Even though Draper has built a hugely successful private practice in Metropolitan Atlanta—he’s opening five more hospitals in the next year—and pharmaceutical companies invite him to weekend junkets at luxury resorts, he still finds himself something of an outsider at those events. “You get to hobnob and bump elbows with a lot of people from across the country who also have large practices,” Draper says. “My wife and I have endured many of those, but I don’t care if they invite 30 people or 300, we are always, always, the only two African Americans, the only two Blacks. And that’s a problem.”

One of Draper’s goals is to help change that. “By the time I turn 60 in seven years, [if] I go to one of those meetings, I need to see more diversity there. Not just for African Americans, I mean for all people of color.”  

Draper’s trying to do his part at his own hospitals, where he offers students graduating from veterinary school the opportunity to hire on at Village Vets, train for a year, and then move up to become a managing partner. He generally hires the most qualified candidate, regardless of race. Currently, 8 of the 25 veterinarians on staff are Black—and 2 of whom are male.

He concedes that’s unusual—in a profession that’s mostly white and mostly women, he says, “that’s like seeing Big Foot riding a unicorn.”

Draper believes change is possible, and that the profession can encourage more diversity by starting to talk to kids while they’re young. That’s why he makes it a point to attend career days whenever he can. “It’s amazing how many times some young Black person will say to me that they’ve never seen a Black veterinarian before.”

That’s also why, In 2017, Draper and his wife did a three-part television pilot for the National Geographic Channel, a proposed reality show about a married veterinarian couple.
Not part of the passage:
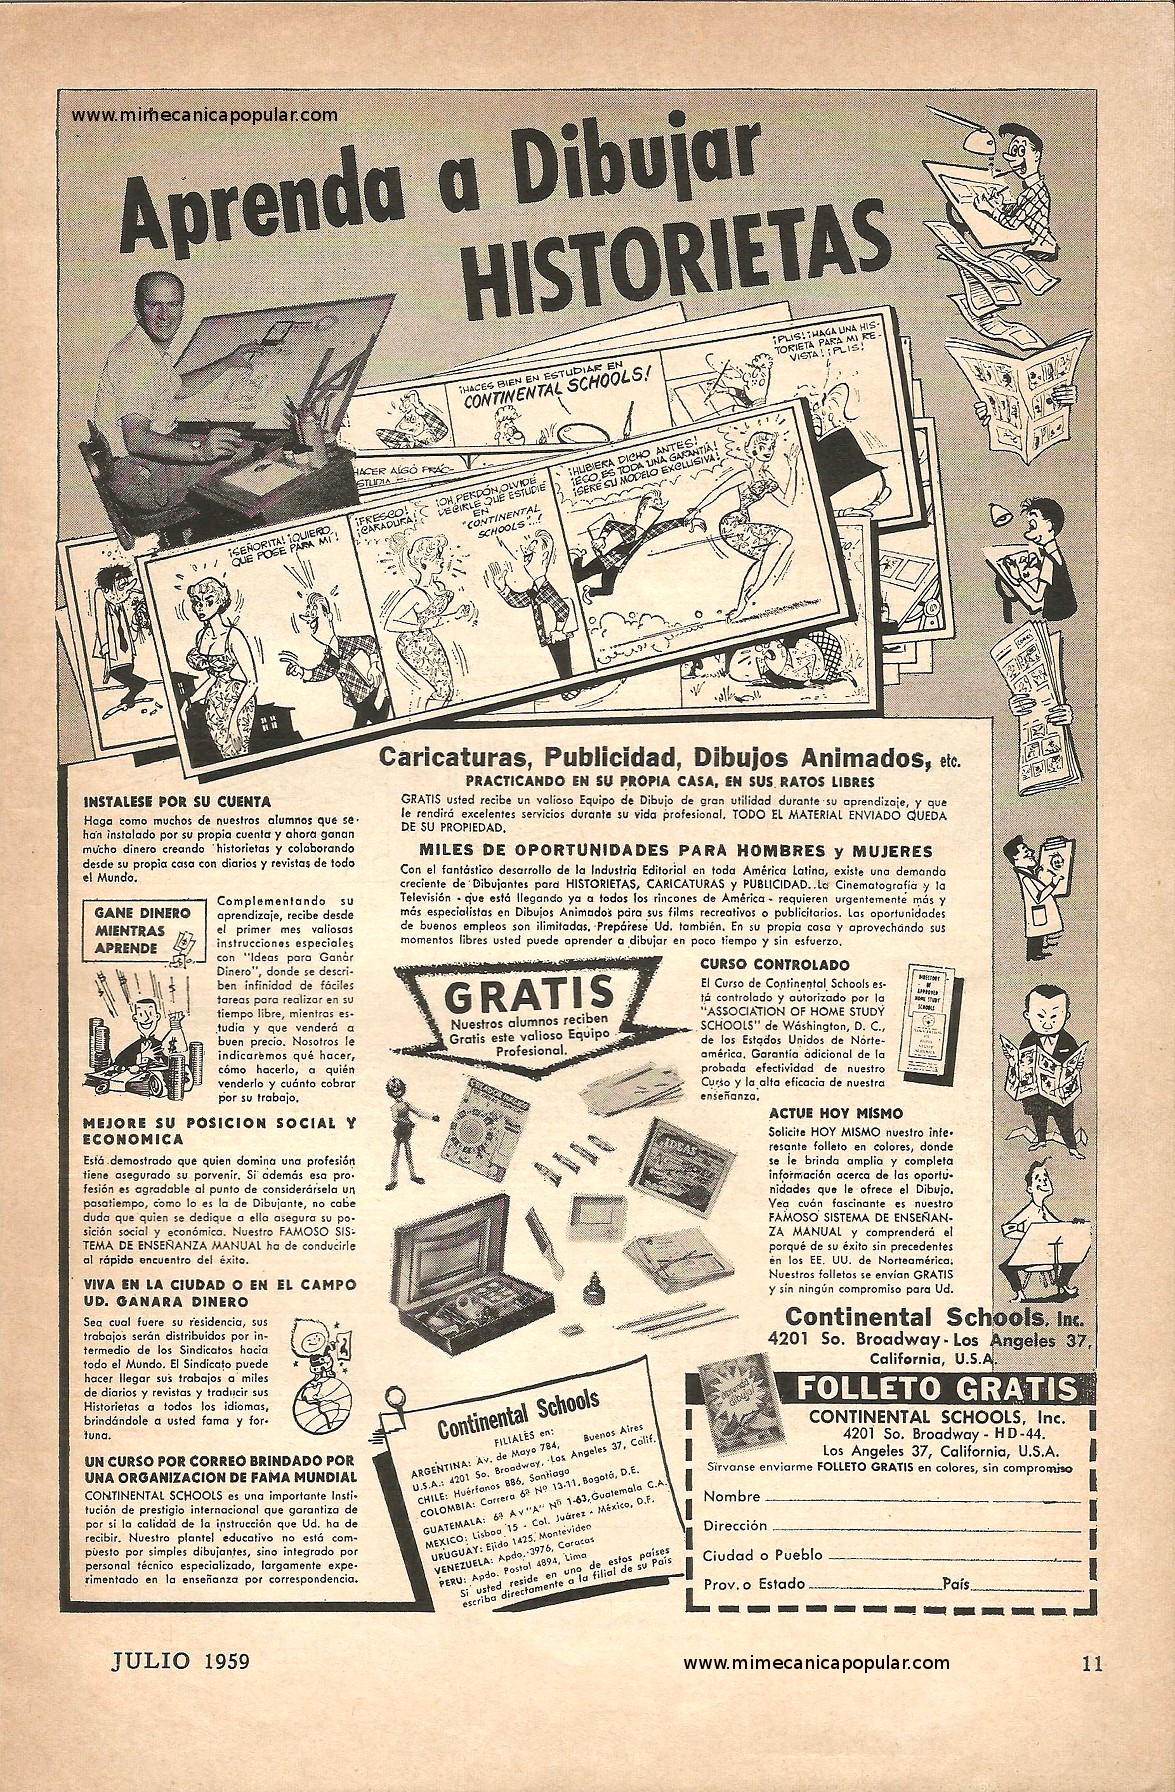 Publicidad - Continental Schools - Julio 1959

He says the producers weren’t necessarily looking for a Black couple, but the Drapers just happened to fit the bill in every other respect. The show didn’t get picked up, but those three pilot episodes can still be streamed on Disney+.

Draper’s glad they do, but not for the reasons you might expect.

“It’s not about the money, it’s not about trying to be famous,” he says. “It’s about letting that little African-American child who’s sitting at home being homeschooled and doesn’t really know what he wants to do see me and go, ‘Wow, I can do that!’”

He wants children of color to know they have options: “They need to know they can do whatever they want to do. Reach for the stars. I instilled that in my own kids.” It’s working—his youngest, 17, plans to become a veterinarian.